My socks were wet. My boots were wet. My hair was wet. My coat was wet. In fact, I don't think there was a single part of me that wasn't wet as Alphonse and I walked through the rain towards the train station. We weren't late...yet. But we couldn't have waited for the rain to stop. I glanced over at my little brother and felt a pang of gilt because I knew he couldn't feel the cold rain beating down on his body. It was days like this that made me have to remember to keep moving and not just break down and cry. But I still felt bad. It was all my fault and I knew it.
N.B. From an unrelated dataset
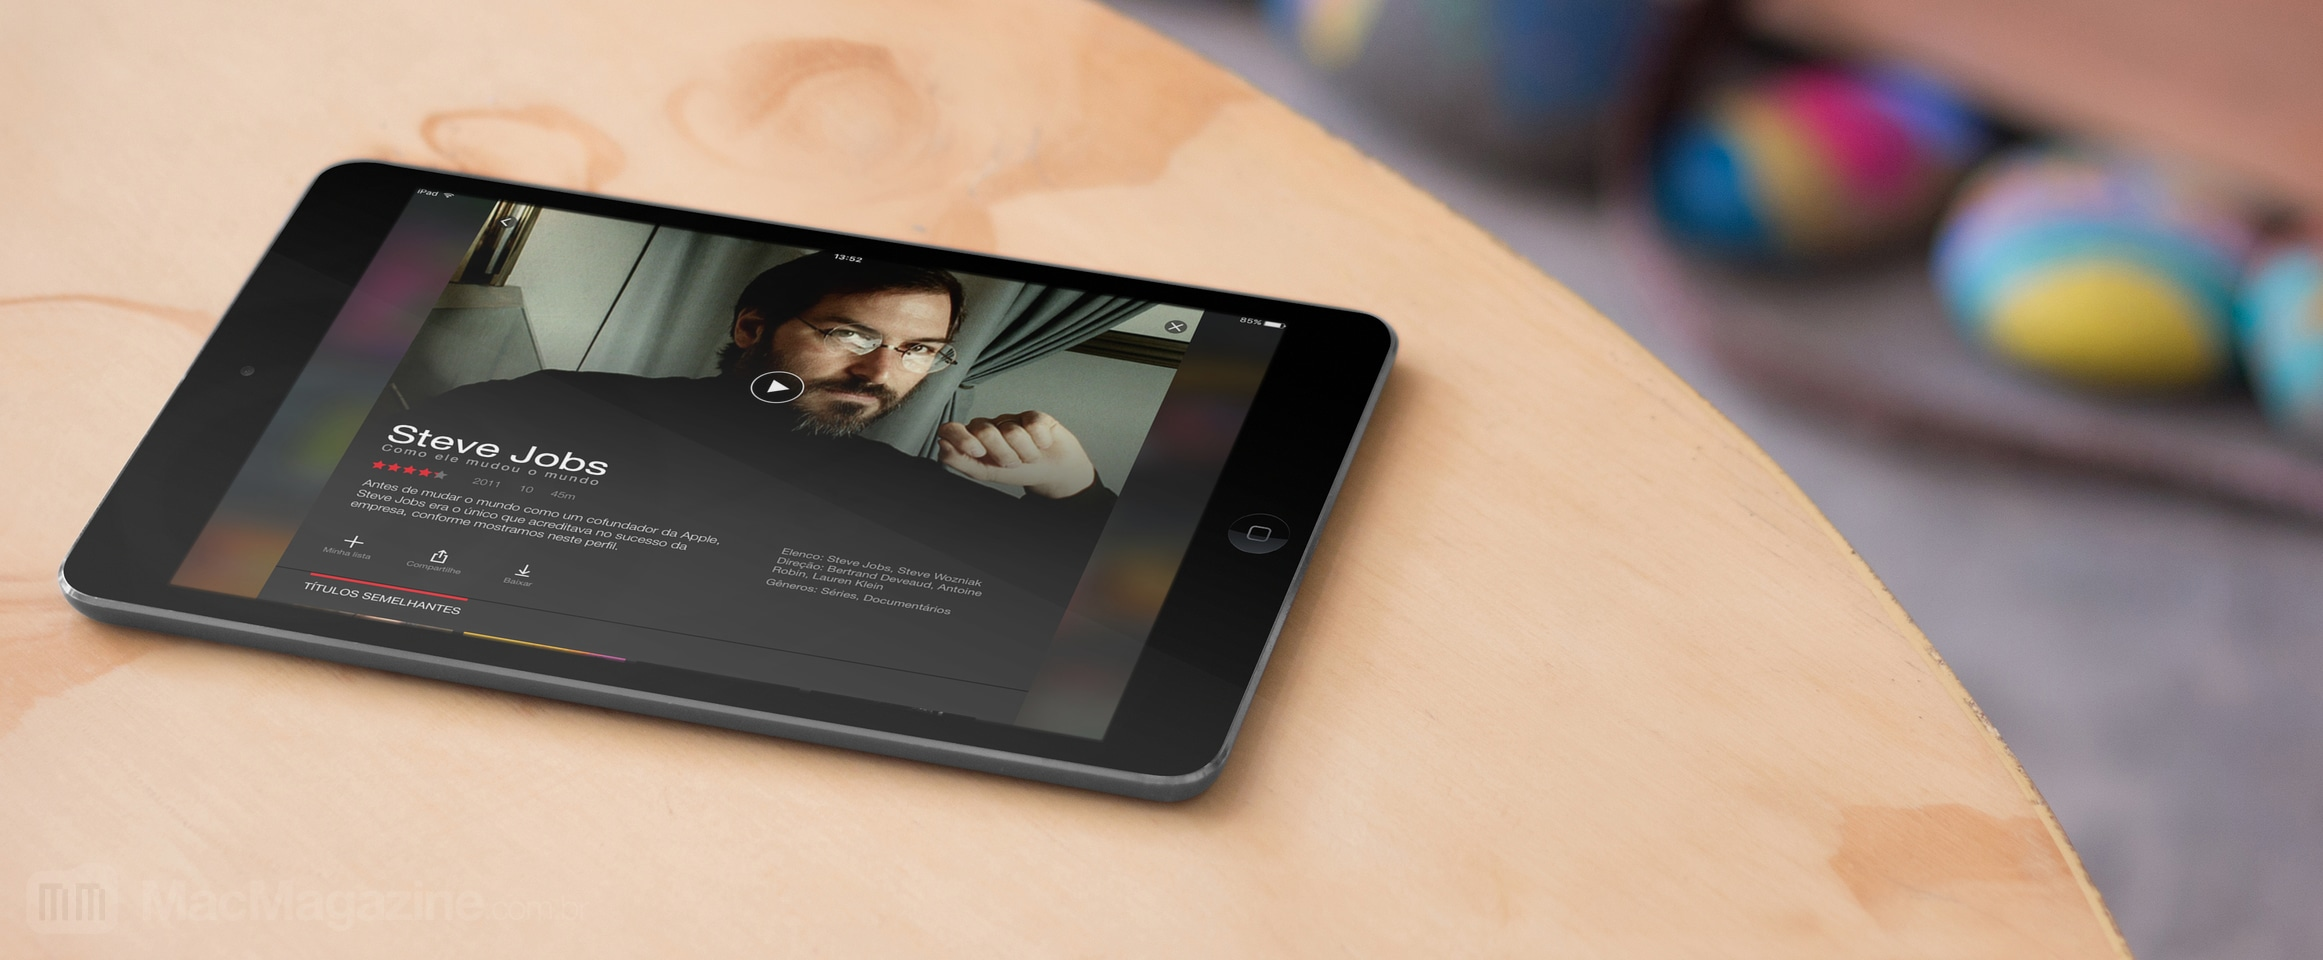 Netflix offline no iPad

Suddenly, Al stopped walking and ran down an alleyway. I stopped and sighed. I knew he was going to come back with a kitten or some other poor lost animal and beg me to keep it. I had hit the nail on the head; he came back with a tiny kitten. I looked it over. "Looks like you can't try to keep that one." I said as for I saw that it was wearing a collar with a little silver tag on it. "I know! But the address on the collar isn't too far from here!" He said, holding it closer to his chest. He begged me with his eyes, and for a moment I saw my little brother standing there just like he was before mom died..."Ok, ok, you win. But if we miss that train Roy will have us for lunch." I said, waiting for him to lead the way. His eyes glittered happily as he ran ahead of me, glancing at the house numbers as they whizzed by. He finally skidded to a halt in front of a small house with a rather dirty, sad girl sitting on the porch. Al approached her. "Excuse me, is this your kitty-cat?" He said, moving his hands so she could see the tiny thing. Her eyes lit up. "My cat!" She cried and took the mewing thing from my little brother and hugged it. "Oh thank you so much! Ever since mom died, the only thing my little sister and I have left is this cat. Thank you so much!"
I felt like a dagger had stabbed me in the heart. I looked and saw for the first time a small, even dirtier girl standing in the doorway. Her eyes looked so blank and emotionless that you could have taken her for a corpse, but a small light came on when she saw the cat. Al and I walked away and let the two sisters rejoice over finding their cat. I looked over at Al and saw that he was looking at me. "Al? I have a question." I said, wondering if asking it was such a good idea after all. "What is it Nii-san?" he said with a note of puzzlement in his voice. "If...if you...we...had the option of starting everything over again from the beginning, would you do anything different?" The question lingered in the air like smoke. Al stopped walking and shut his eyes, deep in though. I had asked myself the same question several times, but I could never answer it. I would love to go back, but mom would still die.
"No." I jumped. I was so deep in my own thoughts that I had forgotten that I was waiting for Al to answer. "Why?" He sighed. "If we hadn't have tried to bring mom back, think of all the nice people we might not have met. Think of all of the wonderful things we wouldn't have seen. We might not have even left Wintry's house, the town, or anything!" I hadn't thought of it like that. It wasn't until then did I realize that it had stopped raining and the sun was coming out. I turned my face upwards, towards the sky and saw one of the 'wonderful things' Al had mentioned. A rainbow with two arches, two complete arches. I smiled. "I guess your right Al." Just then, we heard a train whistle. "The train!" we both shouted and broke off at a break-neck run, hoping that we could make it. But I wasn't worried at all. I had an answer.